Ligde kötü oyuna rağmen kazanılan iki maçtan sonra, ön elemede Kopenhag ile oynadığımız gruplara kalma maçında oyun olarak Trabzonspor’u bir tık daha iyi gördüm ama guruplara kalmak için asla yeterli göremedim. Sayın Abdullah Avcı Trabzon’da turu geçeriz diye beyanatlar veriyor ama hangi oyun ve oyuncularla bunu başaracak bilemiyorum. Camianın ve hocanın turu istemesi başarı için yeterli görünmüyor oyuncularında bunu istemesi gerekiyor. Umarım gerçekleşir.

Antalyaspor’dan 5 gol yenmesi gelecek adına beni çok endişelendiriyor. Ortaya koyulan oyun ve oyuncuların veremediği reaksiyon, bu gibi maçların daha fazla yaşanacağını gösterir nitelikteydi. Bu sezon takım çok kırılgan, geçen sezon olduğu gibi geriden gelip maç kazanma arzu ve isteği yok. Oyun içinde birlikte hareket edilmiyor ve takım çok dağınık bir görüntü çiziyor.

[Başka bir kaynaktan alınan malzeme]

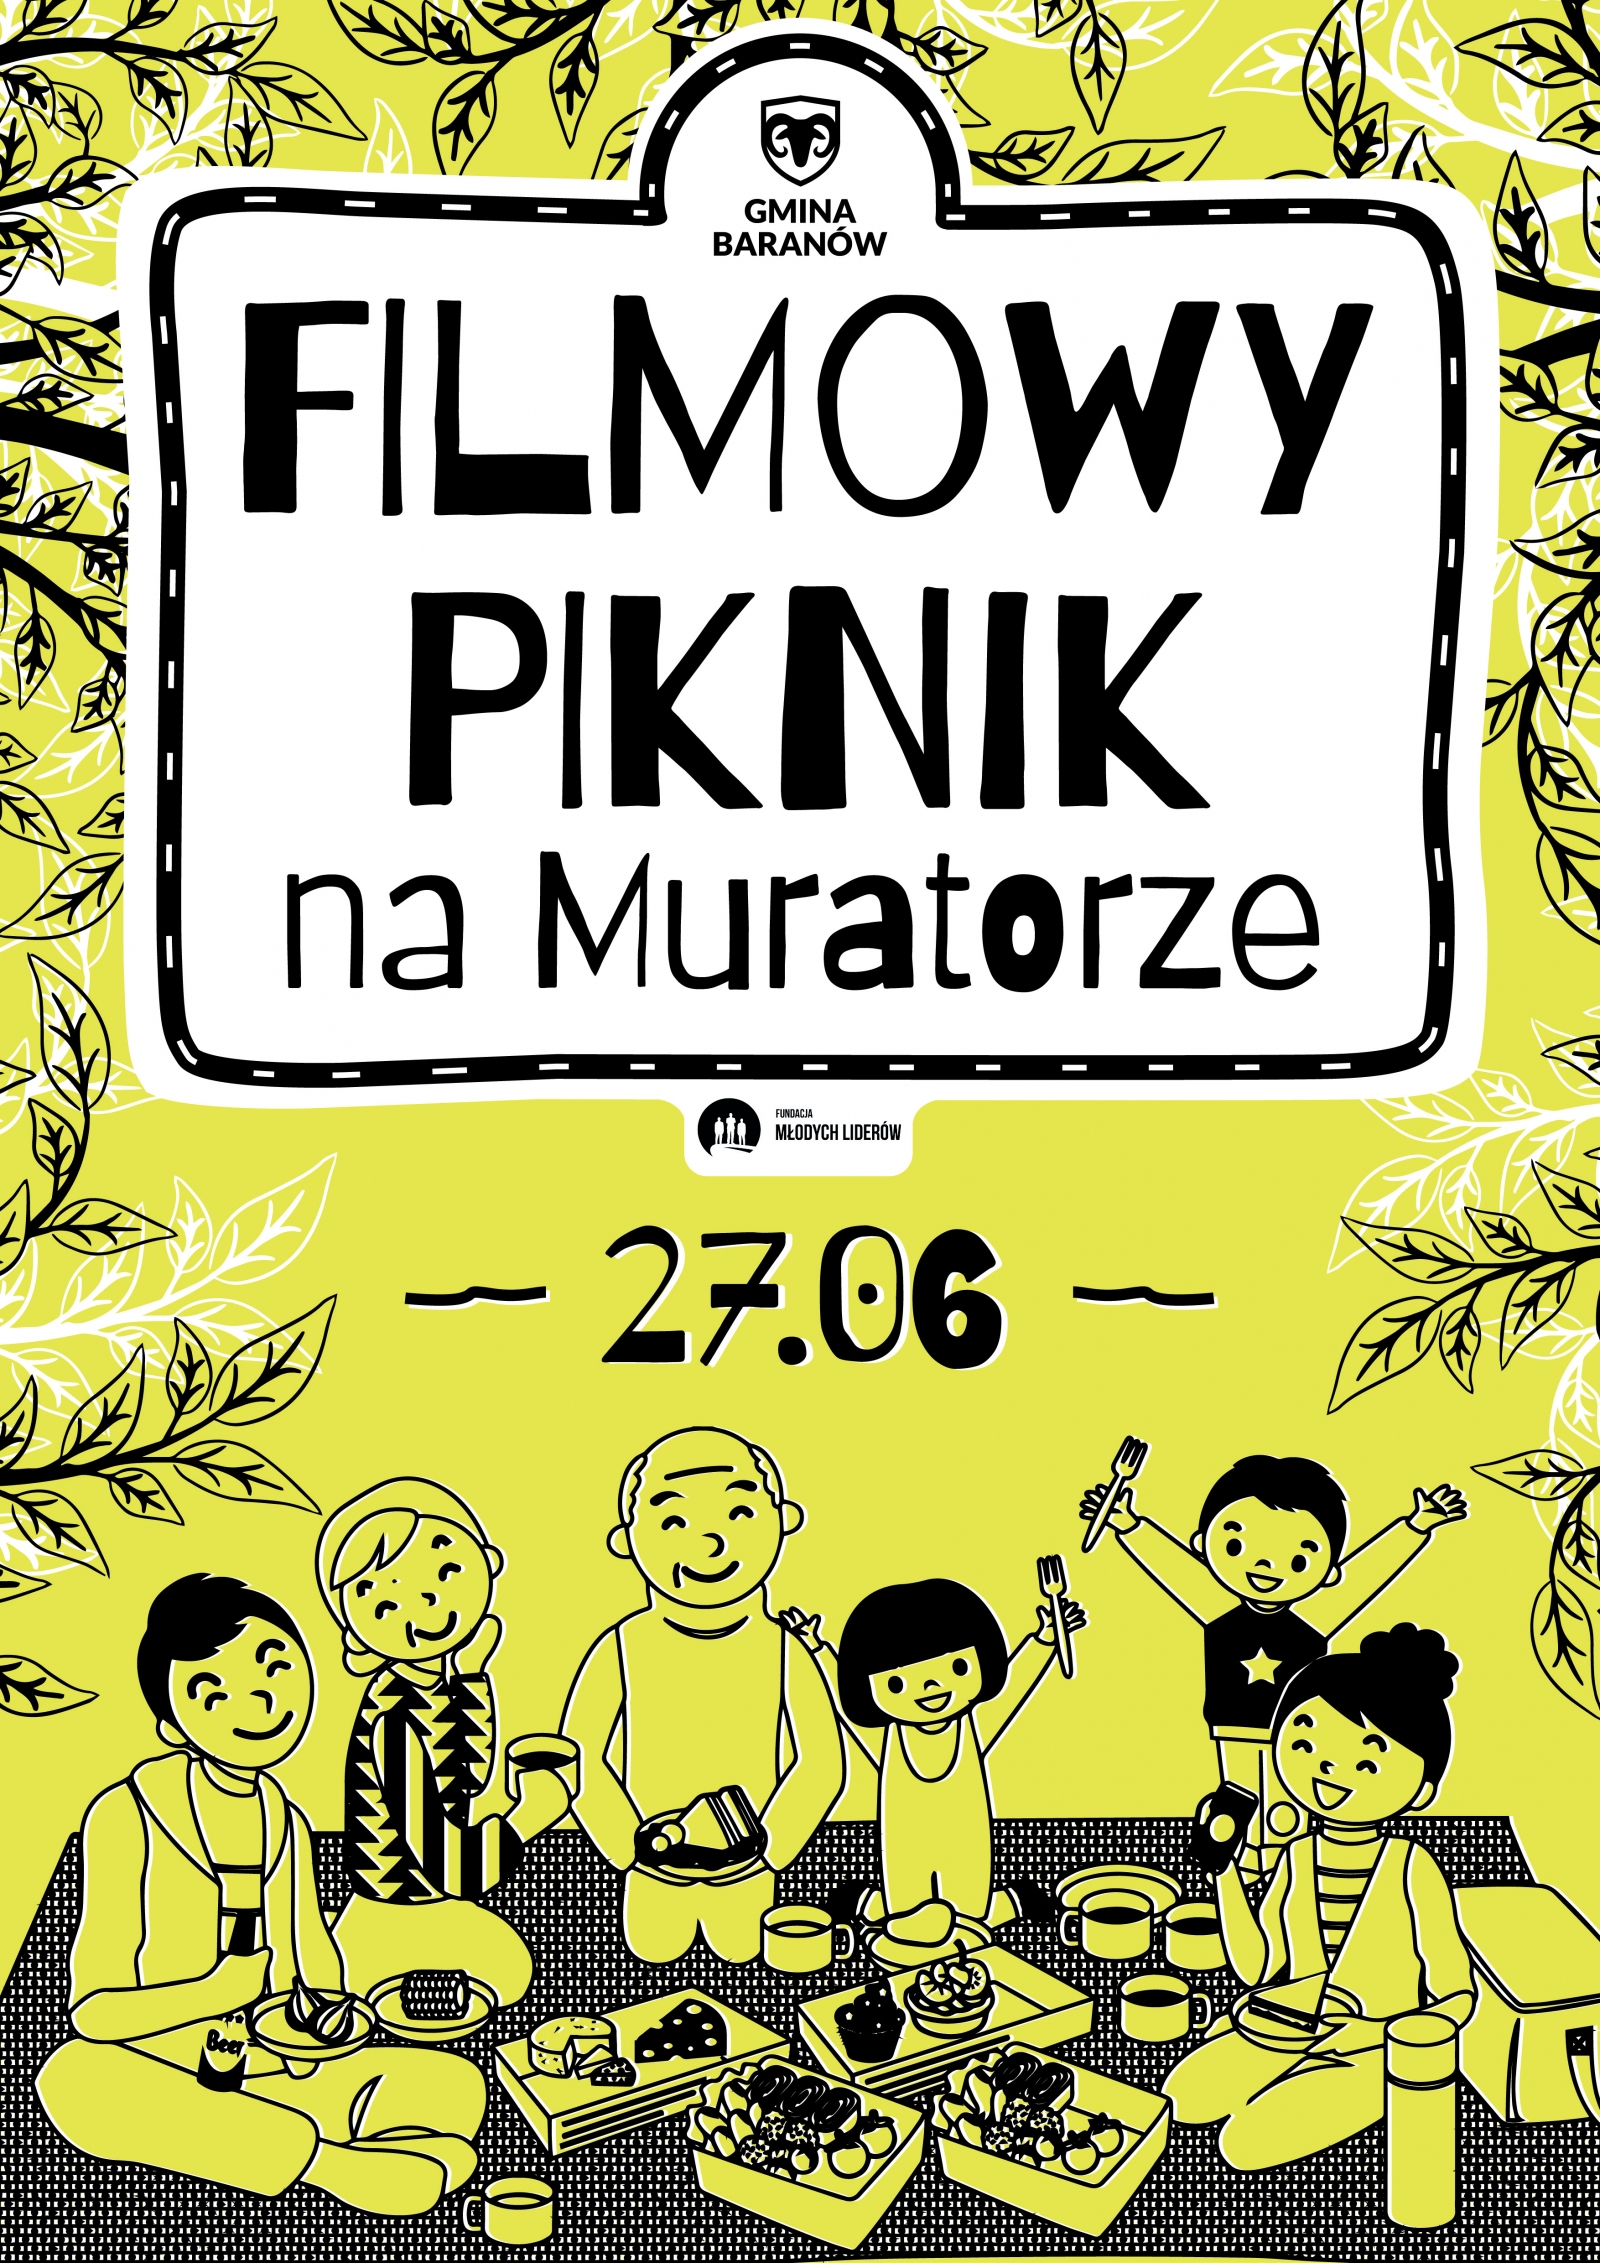 FILMOWY PIKNIK

Wakaeme’nin yerine büyük beklentilerle transfer edilen Trezeguet, hangi camiaya geldiğinin hala farkında değil, katkı vermesini geçtik, takıma çok zarar veriyor. Bu oyuncu bu hali ile asla Trabzonspor’un oyuncusu olamaz.

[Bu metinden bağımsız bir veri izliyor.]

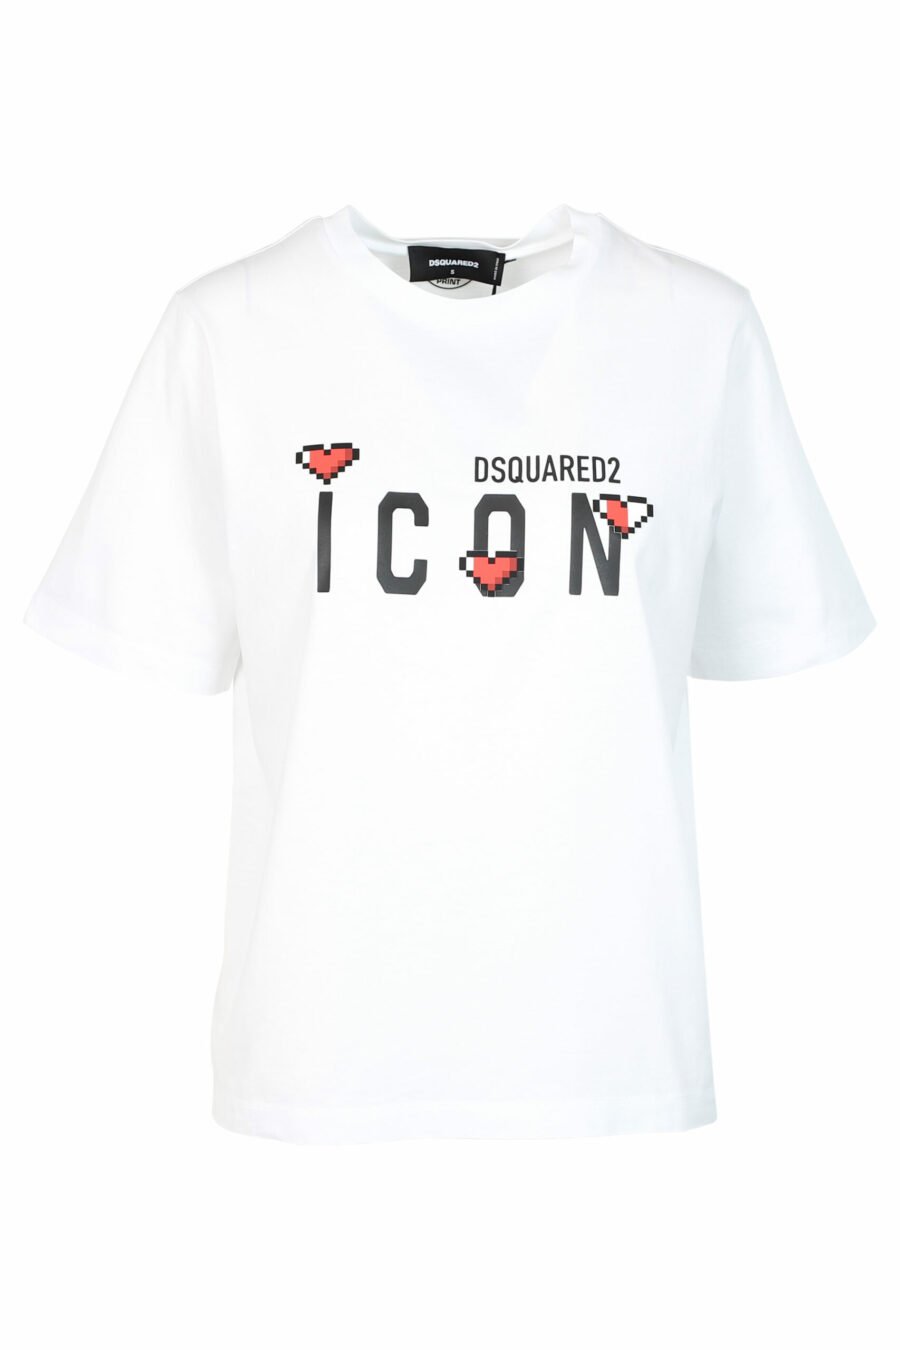 Camiseta negra con logo "icon game" - 8052134989265 scaled

Çarpıcı bir skorla kaybedilen Antalya maçını bir kaza olarak kabul ederek, Kopenhag ve Galatasaray maçlarında bunun telafi edilmesini umut ediyorum. Her şerde bir hayır olduğunu biliyoruz, umarım öyle olur.

Bu sezon ligin en kötü futbolunu oynayan takımıyız, böylesine kötü oyunu camia olarak hak ettiğimizi düşünmüyorum. Geçen sezon kötü oynarken bile kazanan bir takım vardı, artık bu özelliğimizi de yetirmiş görünüyoruz. Takımın bu denli gerilemesinin mutlaka bir gerekçesi olmalı, bunu tespit etmek ve düzeltmek te teknik ekibin işi. Eğer bu konuda bir şeyler yapılmaz ise “Büyük Çöküşün” önüne geçmek mümkün olmayacak.